Hatırlıyorum da… Sn. Ersin Tatar bundan birkaç yıl önce Kıbrıs Türk Spor Yazarları Derneği’nin Malpas Otel’de gerçekleştirdiği seminerde yaptığı konuşmada: “Şans oyunlarından gelen parayı spor kalemi yerine doğrudan maliyenin kalemlerine aktaralım.

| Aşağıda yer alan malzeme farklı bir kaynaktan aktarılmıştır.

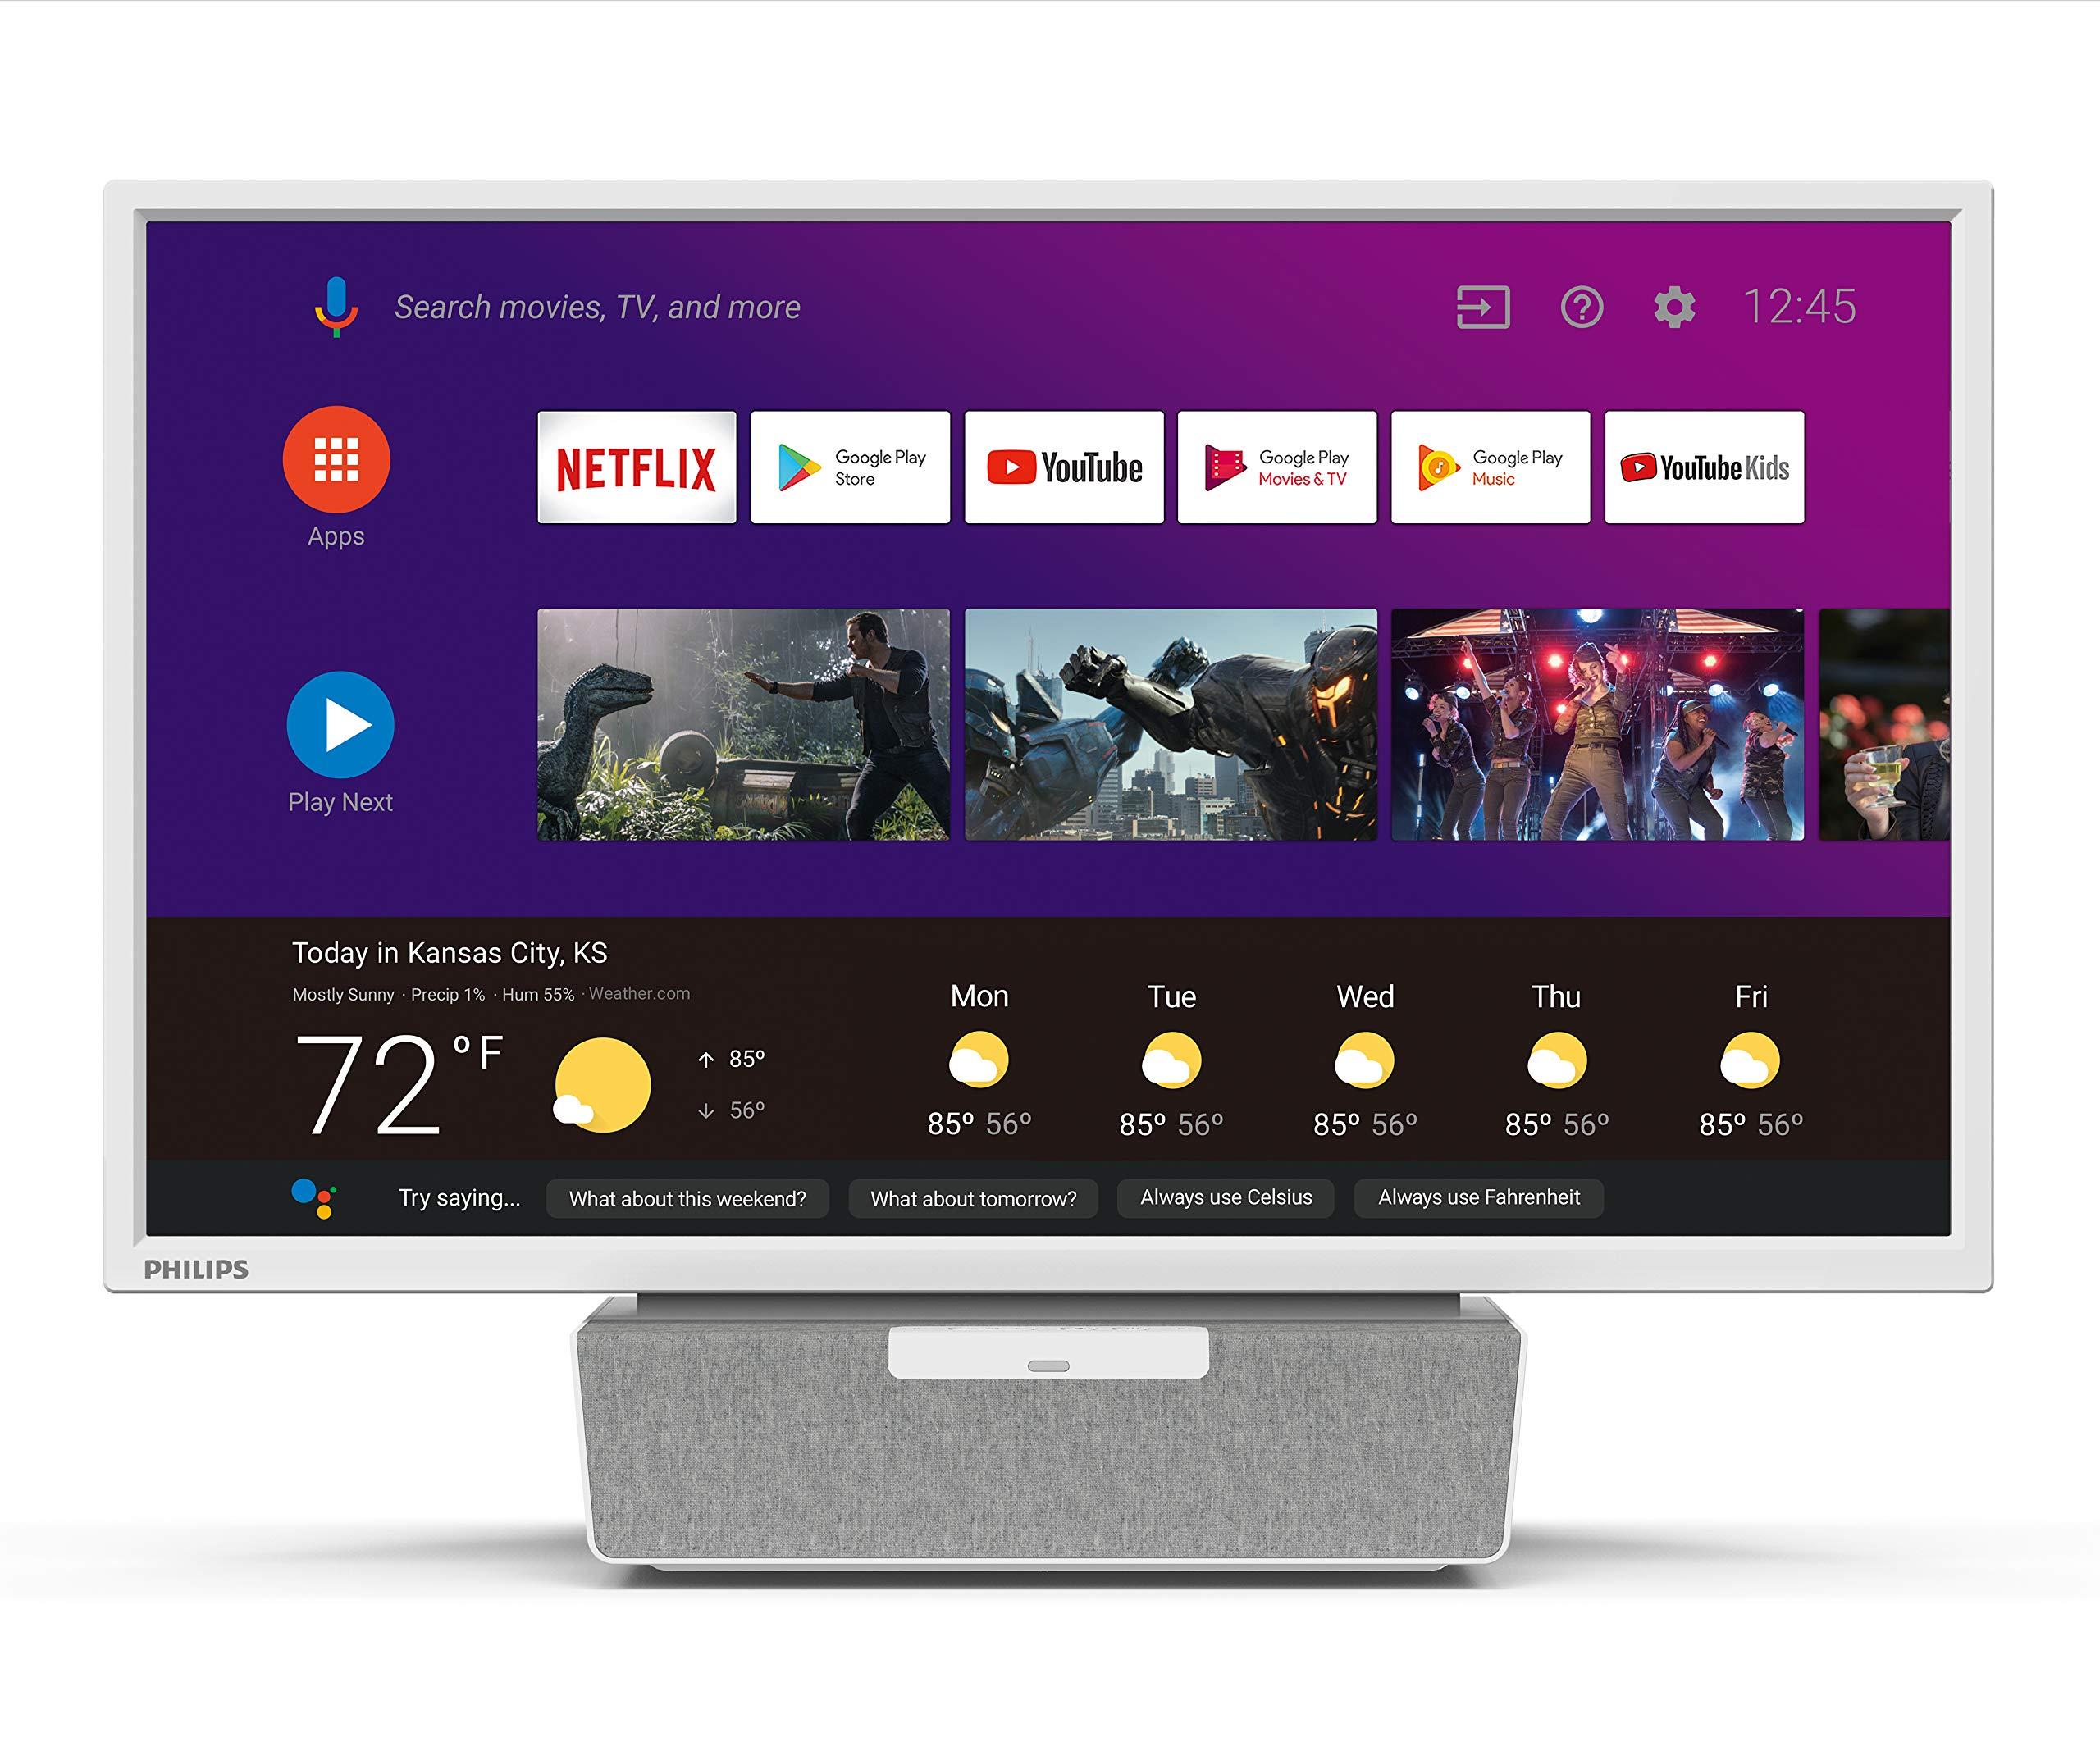 50PFL5704//F7 65PFL5504//F7 65PFL5604//F7 50PFL5604//F7 43PFL5704//F7 65PFL5704//F7 Philips NH800UP Android TV Remote /& Google Voice Assistance 43PFL5604//F7 55PFL5704//F7 55PFL5604//F7

Kulüpler ve spor federasyonları para isterlerse, biz daha fazlasını veririz” demişti.
Şimdi bakıyorum da kulüpler parasızlıktan grak grak ederken, Kulüpler Birliği o bakanlık senin, bu bakanlık benim el açmış kapı kapı dolaşıyor.
Hani nerde paralar?
FEDERASYONLARA BAŞKA SENARYO
Diğer taraftan spor federasyonlarımın durumu içler acısı.
Bugünlerde o “Asla üye olmayız” dedikleri KKTC Milli Olimpiyat Komitesi’ne toplu üye olmanın hesabını yapıyorlar yaa…
Bundan iki yıl önce yürürlüğe konulan, bugün artık son sahnelerinin oynanmakta olduğu, “İki MOK’u bir yapalım” isimli filmde sadece figüran olarak yer alan spor federasyonları, gelişmeler karşısında sessiz kalmalarının cezasını çekiyorlar.
Önce üye oldukları Dernekler Yasası’na göre kurulmuş Milli Olimpiyat Komitesi’nin genel kurulunu yapamadılar.
Sonra Spor Bakanlığı’nın “İki MOK’u bir yapma” çalışmalarını uzaktan seyretmekle yetindiler.
En sonunda ise Spor Yasası’nın değiştirilerek, üyelik yapısı hilkat garibesine benzeyen KKTC MOK’un tek MOK olduğunu gazetelerden okudular.
Bugün çıkmış, “Spor Federasyonlarının yasa tanımaz bir duruma düşürülmesi kabul edilemez” diyorlar.
Eeee kimse kusura bakmasın, ama memleketimde aslan da çok, tilki de çok.